Exfoliation glaucoma (pseudoexfoliative glaucoma: PXG) is a secondary open-angle glaucoma associated with exfoliation syndrome (pseudoexfoliation syndrome: PXF/PEX). Abnormal fibrillar granular protein, exfoliation material, progressively deposits in various tissues of the anterior segment, increasing outflow resistance in the trabecular meshwork and elevating intraocular pressure. It is the most common form of secondary open-angle glaucoma2)3).
Exfoliation material deposits not only in intraocular tissues (pupil margin, anterior lens capsule, Zinn zonules, angle, ciliary body, corneal endothelium) but also in systemic tissues such as skin, heart, lung, and liver, making it a systemic disease.
PXF is common in the elderly, found in about 4% of people aged 70 years or older. The Hisayama study reported a prevalence of exfoliation syndrome of 3.4% in those aged 50 years or older. 15–26% of PXF patients develop PXG within 5 years, and eventually about 50% are diagnosed with glaucoma2)3). The progression rate of PXG is about three times that of POAG, and it is not uncommon to find advanced visual field defects at the time of diagnosis3).
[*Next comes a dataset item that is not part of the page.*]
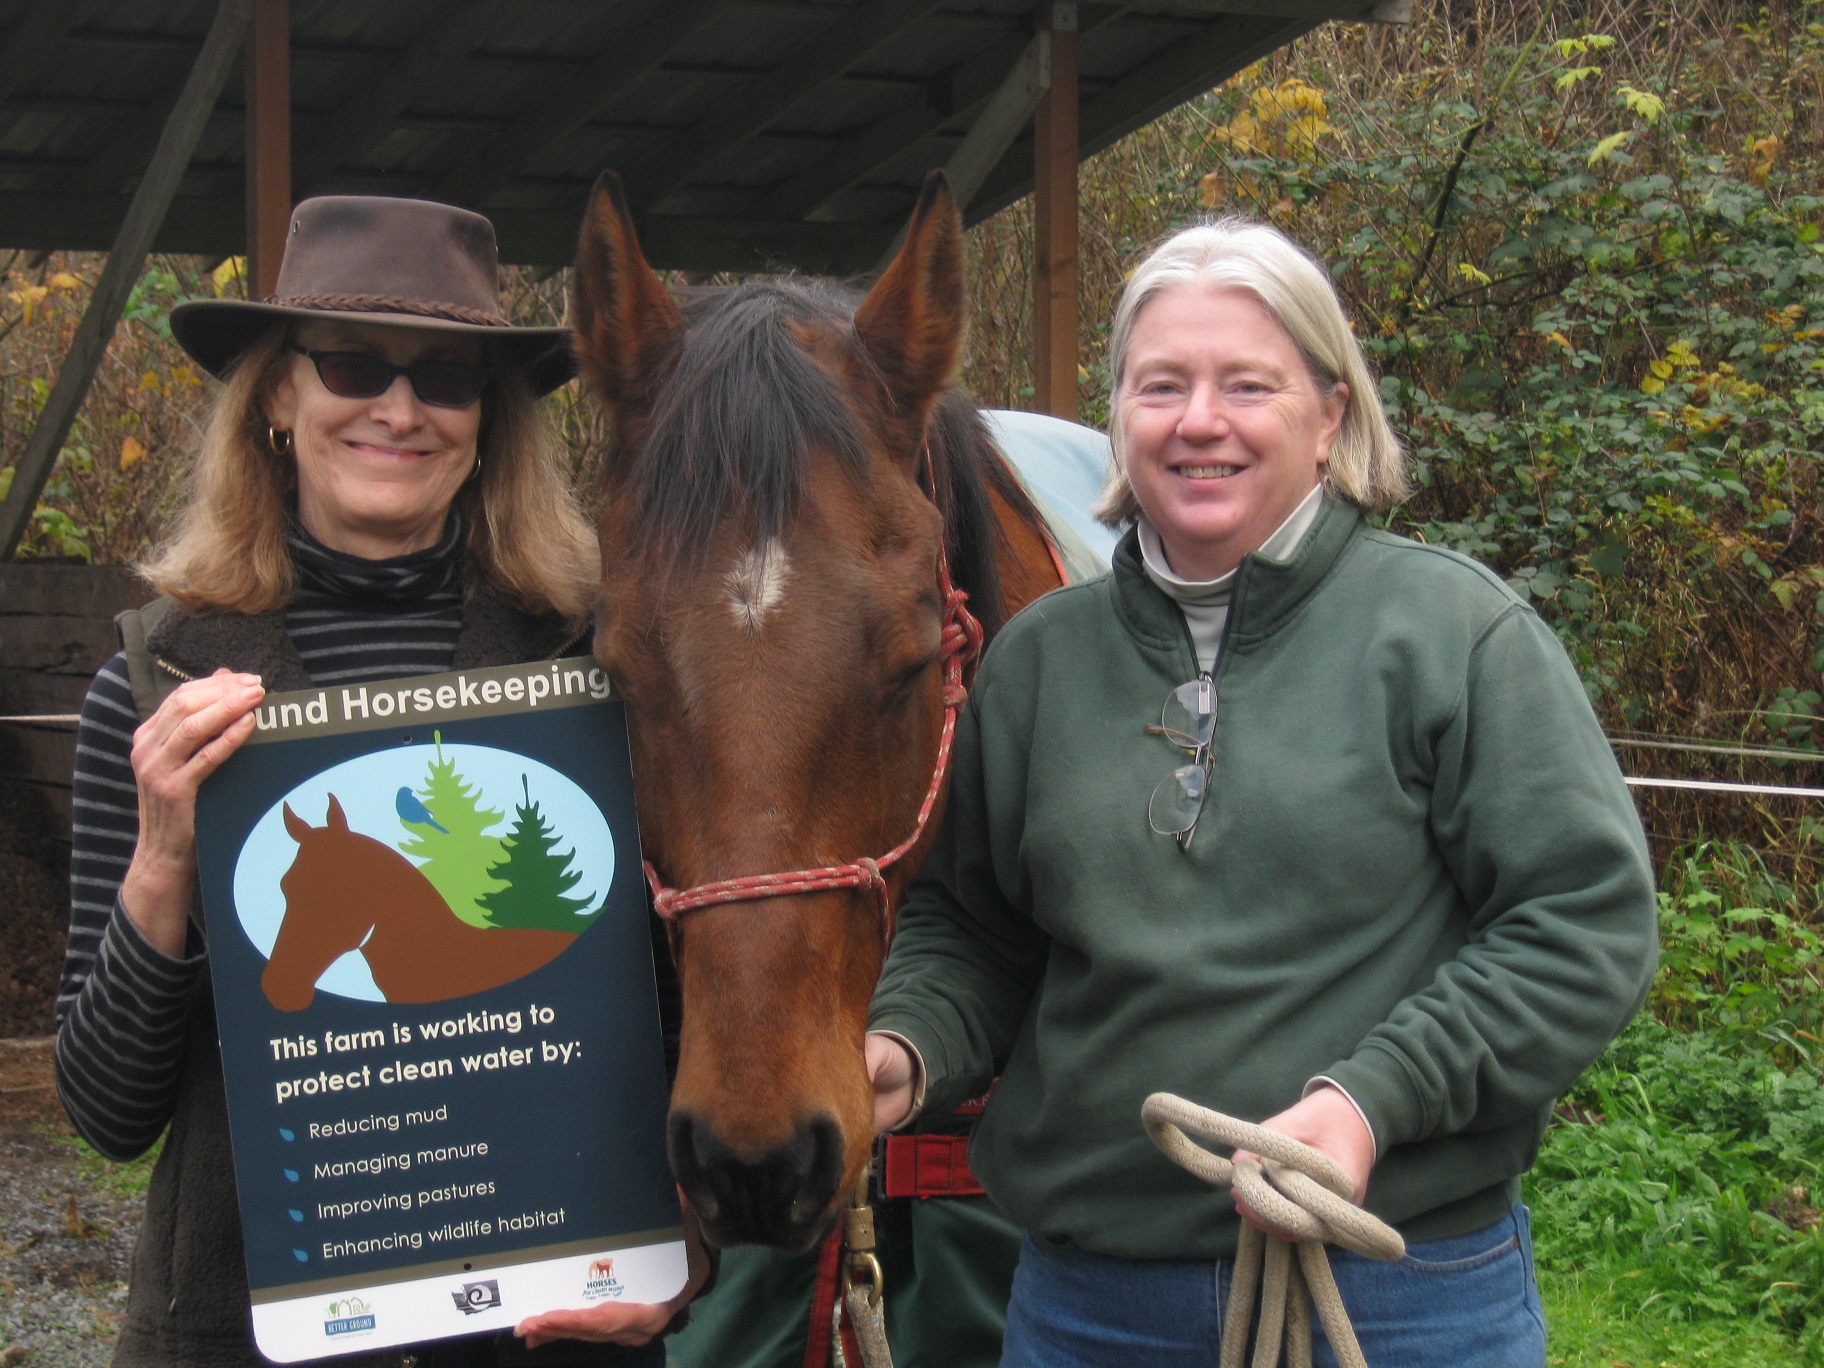 Joan Deutsch & Jan Capps (Friends of the Seattle Mounted Patrol) resized.jpg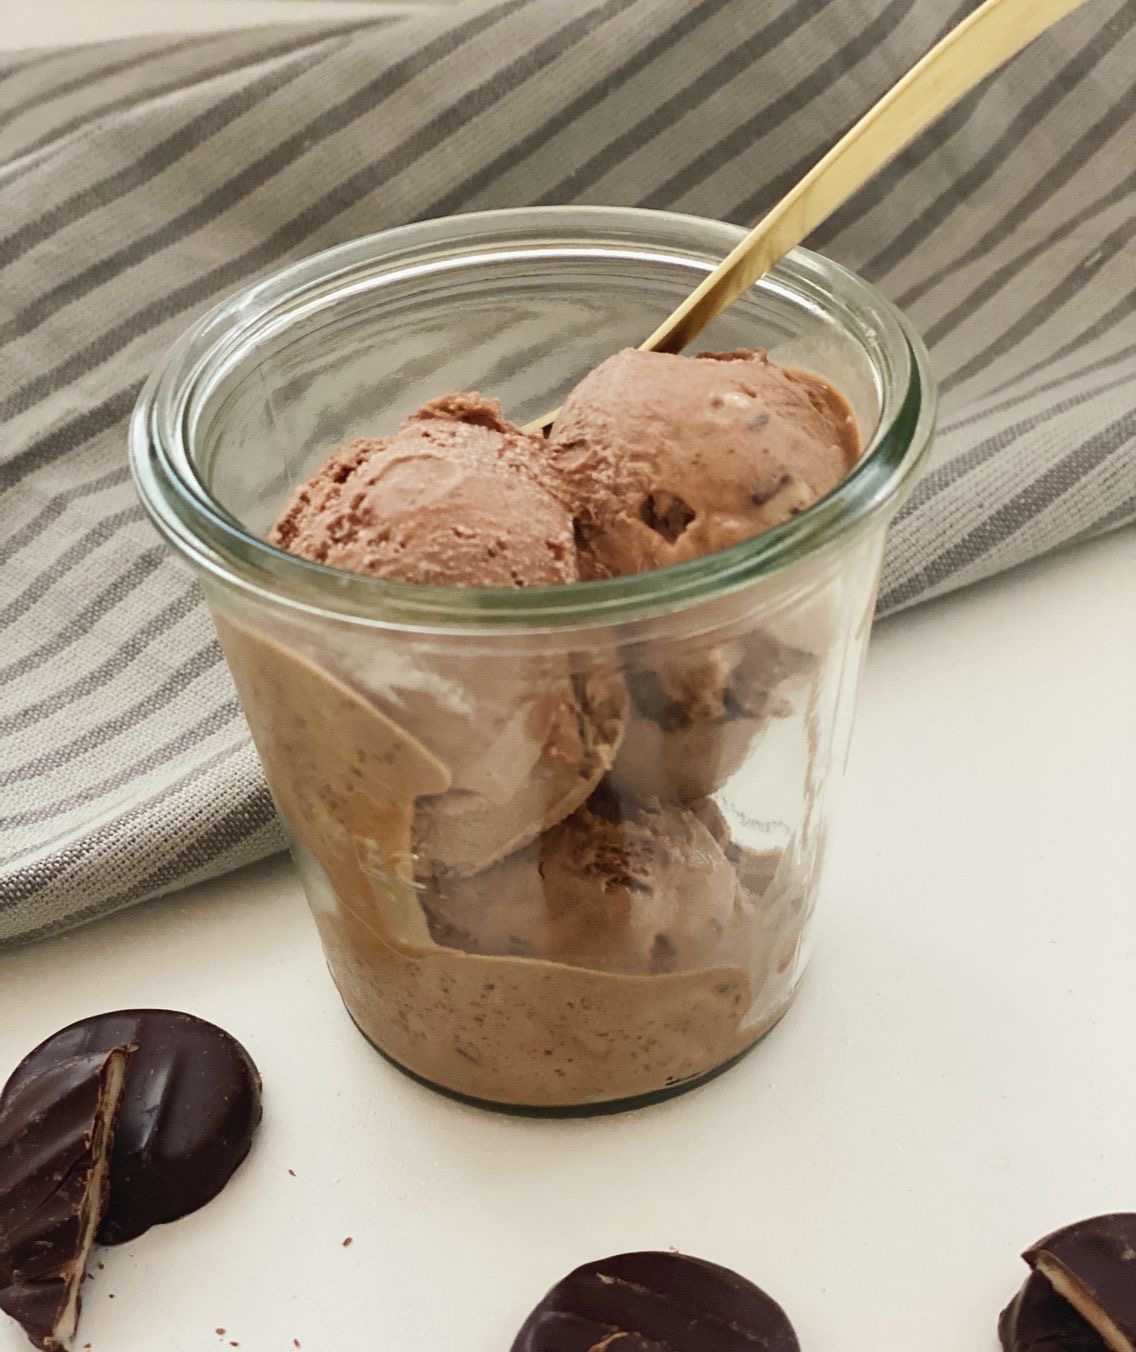 Mint chokoladeis i en høj glasskål med en guldske i. Der ligger mint chokoladeknapper ved siden af glasset med is i. Det er de samme mint chokoladeknapper som der er i isen.

PXF/PXG has been reported to be associated with systemic diseases. Associations with coronary artery disease, cerebrovascular disease, arteriosclerosis, abdominal aortic aneurysm, sensorineural hearing loss, inguinal hernia, and pelvic organ prolapse in women have been noted2)3).
QWhat is the difference between exfoliation syndrome and exfoliation glaucoma?
A
Exfoliation syndrome (PXF) is a systemic disease in which exfoliation material deposits in the anterior segment of the eye and throughout the body. Exfoliation glaucoma (PXG) refers to a condition in which elevated intraocular pressure and glaucomatous optic neuropathy develop in association with PXF2)3). Not all patients with PXF develop PXG; ultimately, about 50% are diagnosed with glaucoma. Even in the stage of PXF alone, follow-up with intraocular pressure measurement at least once a year is recommended1).
Exfoliation material deposition on the anterior lens capsule and double ring pattern seen in exfoliation glaucoma
Elhawy E, et al. Pseudoexfoliation syndrome, a systemic disorder with ocular manifestations. Hum Genomics. 2012. Figure 1. PMCID: PMC3500235. License: CC BY.
In a dilated anterior segment photograph, gray-white exfoliation material is deposited on the anterior lens capsule, showing a characteristic double ring pattern consisting of a central disc and a peripheral band. This is a representative image of clinical findings in exfoliation glaucoma.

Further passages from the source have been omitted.